Au regard de cette évolution de la discipline, l'économie postmoderne ne se caractérise pas par les
solutions qu'elle propose mais plutôt par une manière de justifier l’absence de hiérarchie entre les
solutions variées existantes. L'économie postmoderne s'apparente ainsi surtout à un positionnement
méthodologique renvoyant à un espace conversationnel favorisant la diversité théorique au sein de la
discipline – et comme tout discours sur les jeux de langage est, lui aussi, un jeu de langage, cette
caractérisation de l'économie postmoderne s’apparente à une réflexion parmi d'autres au sein de la
science économique contemporaine. Ainsi, aucune réponse théorique ne peut, à elle seule, résumer
l'économie postmoderne – cependant, c'est l'accumulation des réponses théoriques (et l'abolition des
frontières disciplinaires) qui caractérise l'avènement d'une économie postmoderne. Quant à la question
du critère de démarcation permettant de justifier ou fonder le statut scientifique de la science
économique, elle apparaît vide de sens.

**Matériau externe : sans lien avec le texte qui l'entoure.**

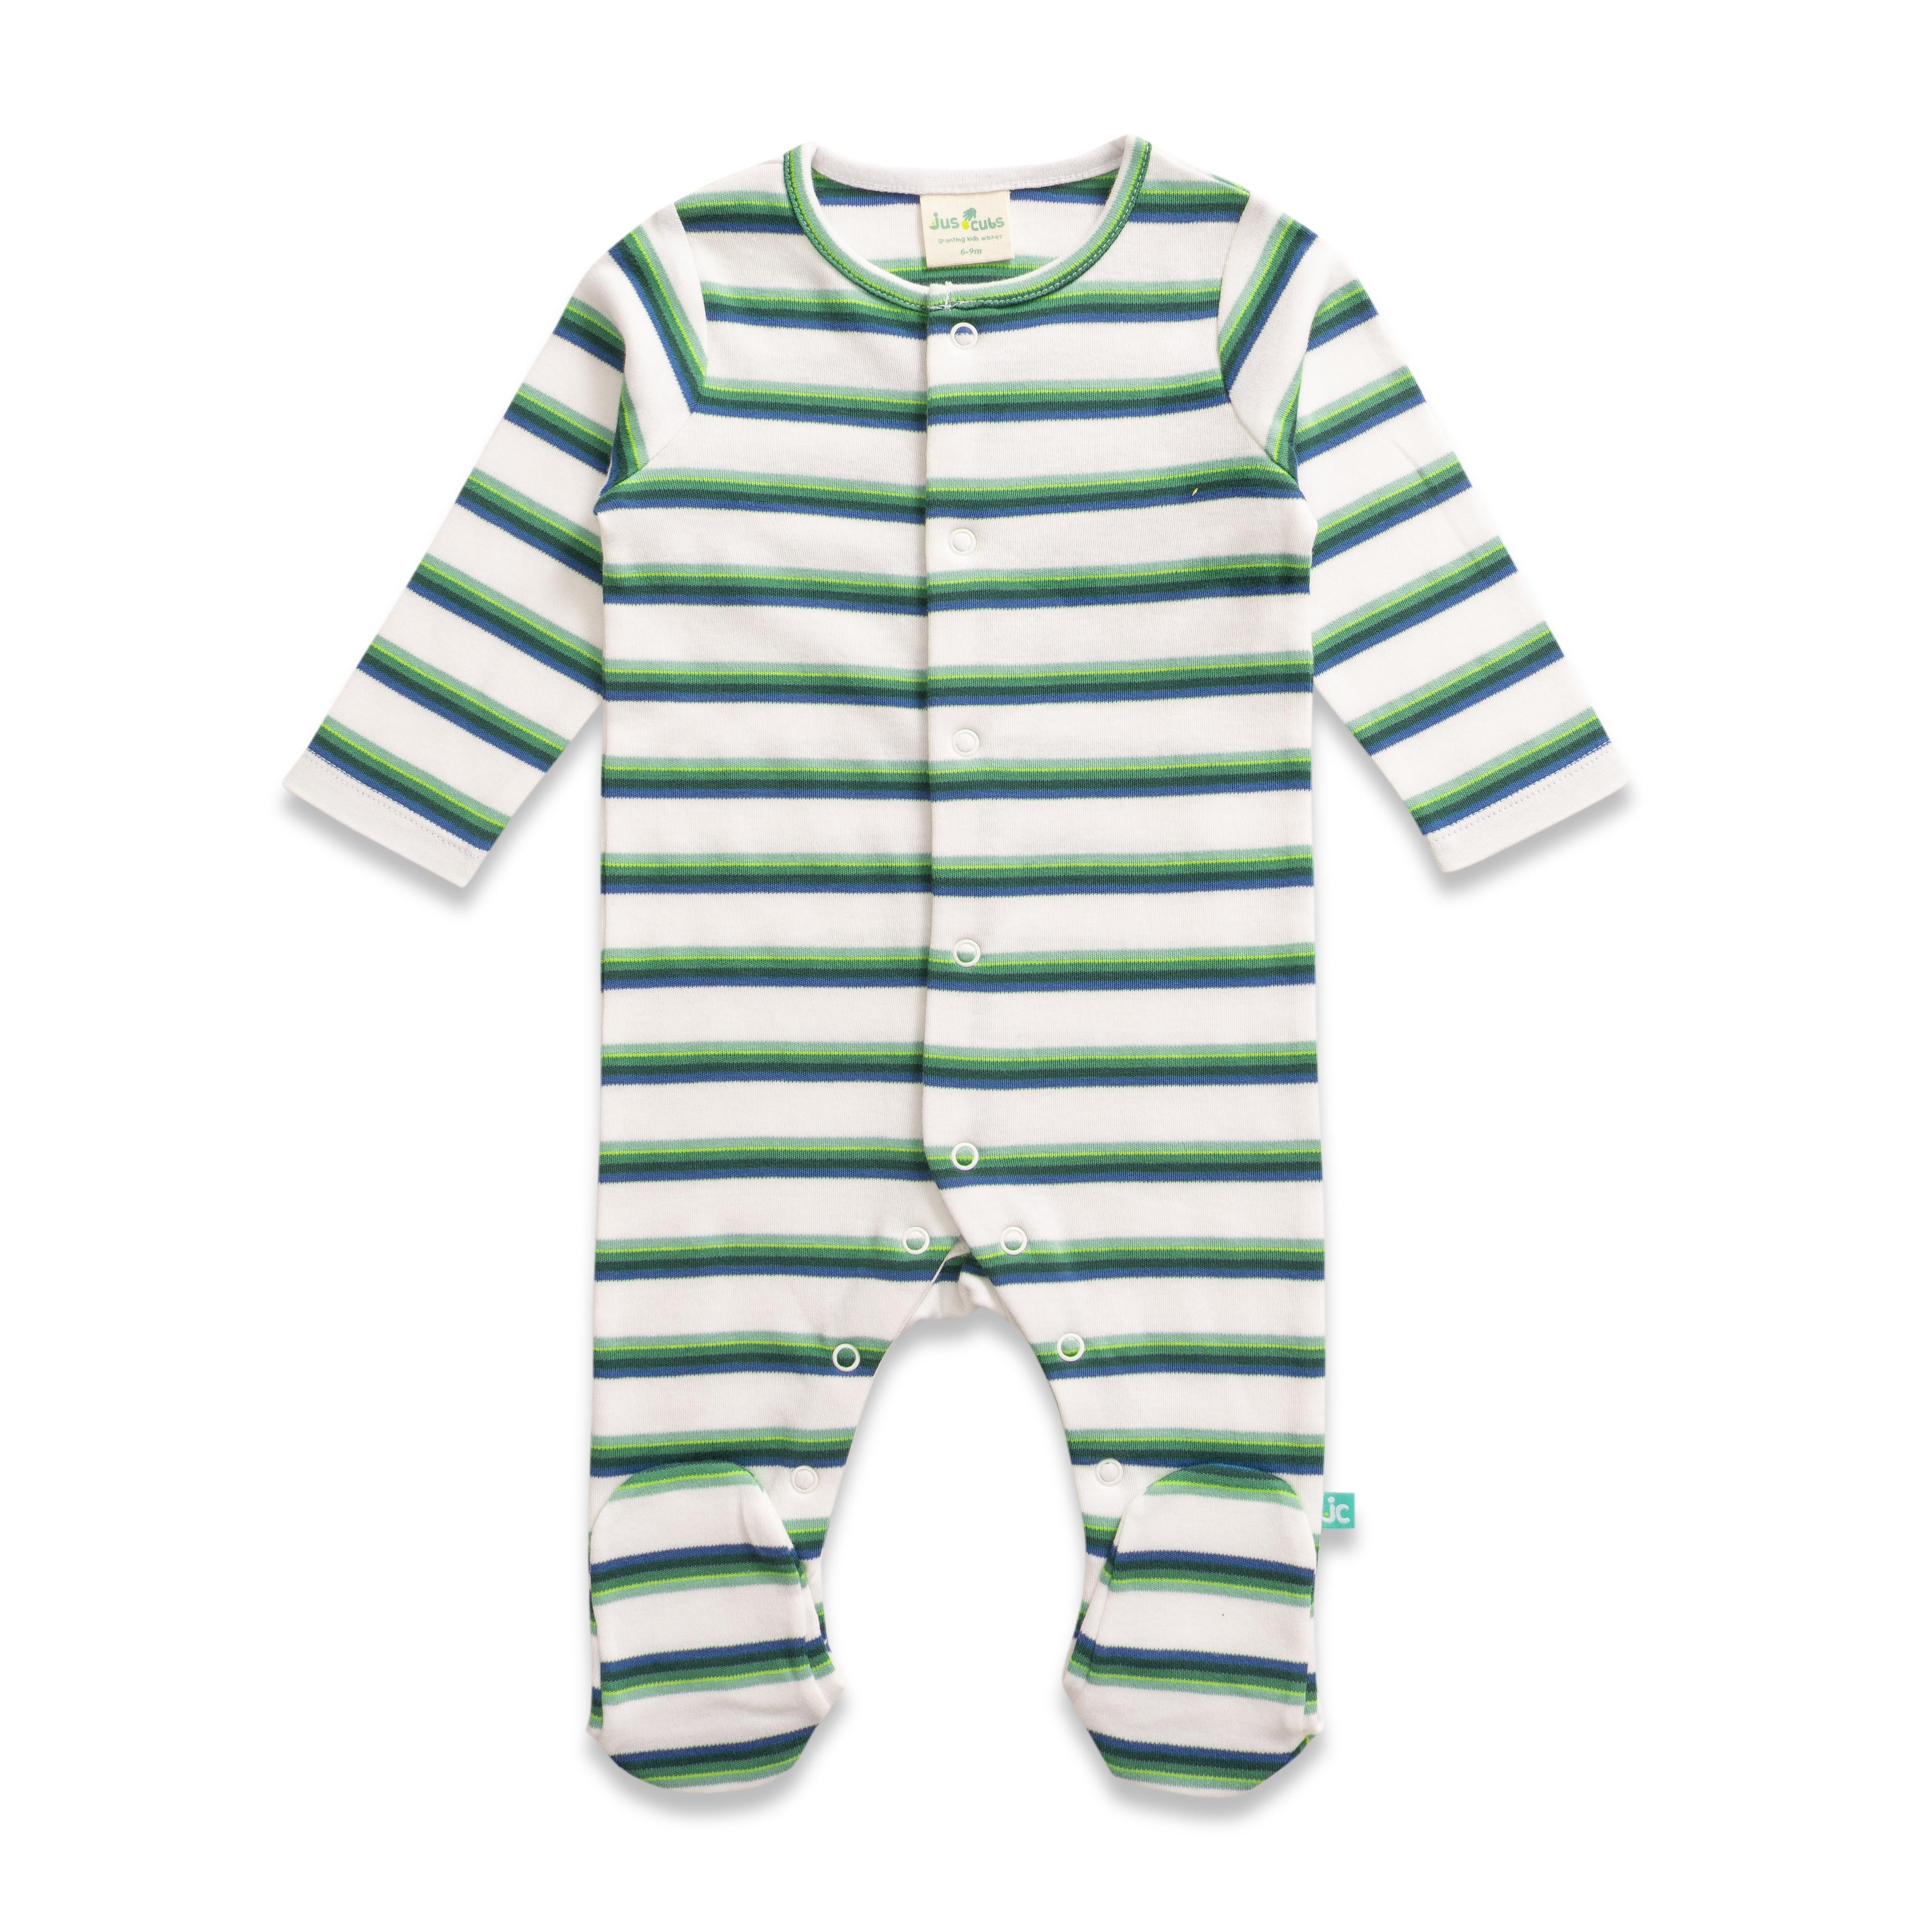 Baby Boys Striped Sleepsuit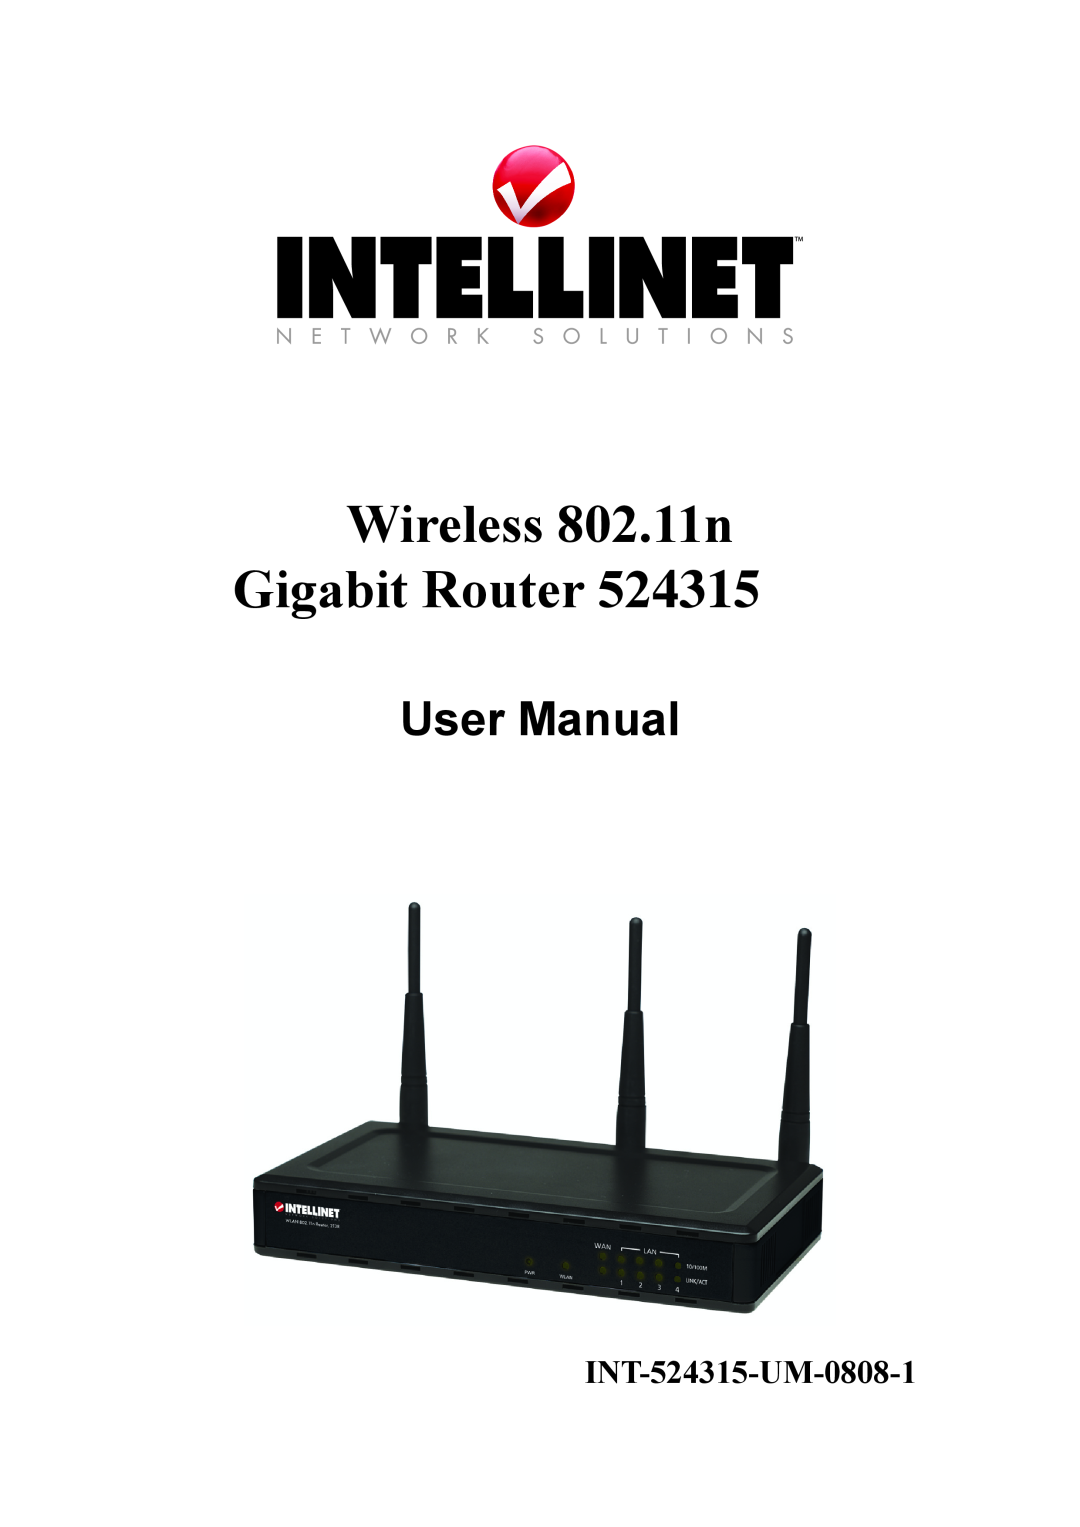 Intellinet Network Solutions INT-524315-UM-0808-1 user manual Wireless 802.11n Gigabit Router, User Manual

En effet, au sein d’une économie postmoderne, la justification
de l’usage de l’un ou l’autre jeu de langage est une affaire de rhétorique et de situation.
Notre caractérisation de la science économique s’inscrit en droite ligne avec ce que certains
épistémologues appellent l’anarchisme méthodologique ou encore la doctrine minimaliste du « tout est
bon ». Ainsi, la fragmentation de la science économique est telle que cette discipline s’apparente
aujourd’hui à champ de recherche ouvert (i.e sans frontière méthodologique stricte) à l’intérieur
duquel un courant ne peut plus dominer les autres formes de pensée en s'imposant par de fausses
évidences. La science économique s’apparente actuellement à un espace conversationnel fondé sur la
libre adhésion aux idées et aux méthodes. Ce refus des différences hiérarchisante conjugué à une prise
de distance par rapport au concept de rationalité parfaite caractérise une évolution postmoderne de la
théorie économique.
IV. Conclusion
La double évolution (technologique et épistémologique) de la sphère économique mise en avant dans
ce papier témoigne d’une certaine évolution postmoderne de l’économie. On retrouve d’ailleurs dans
cette évolution les principales caractéristiques du postmodernisme soulignées par Hottois (1998,
p.444), à savoir, l’hyperculturalisme théorique (valorisation de la différence théorique), le refus des
différences hiérarchisantes, l'abandon des grands récits de légitimation (le principe de rationalité
parfaite ne prévaut plus) et l'importance du consensus théorique – L’économie postmoderne ne
propose aucune solution spécifique mais plutôt une posture épistémologique favorable à la diversité
des solutions. Dans cette perspective, la science économique s’apparente peu à peu un espace
conversationnel théorique fondé sur la libre adhésion aux idées et aux méthodes.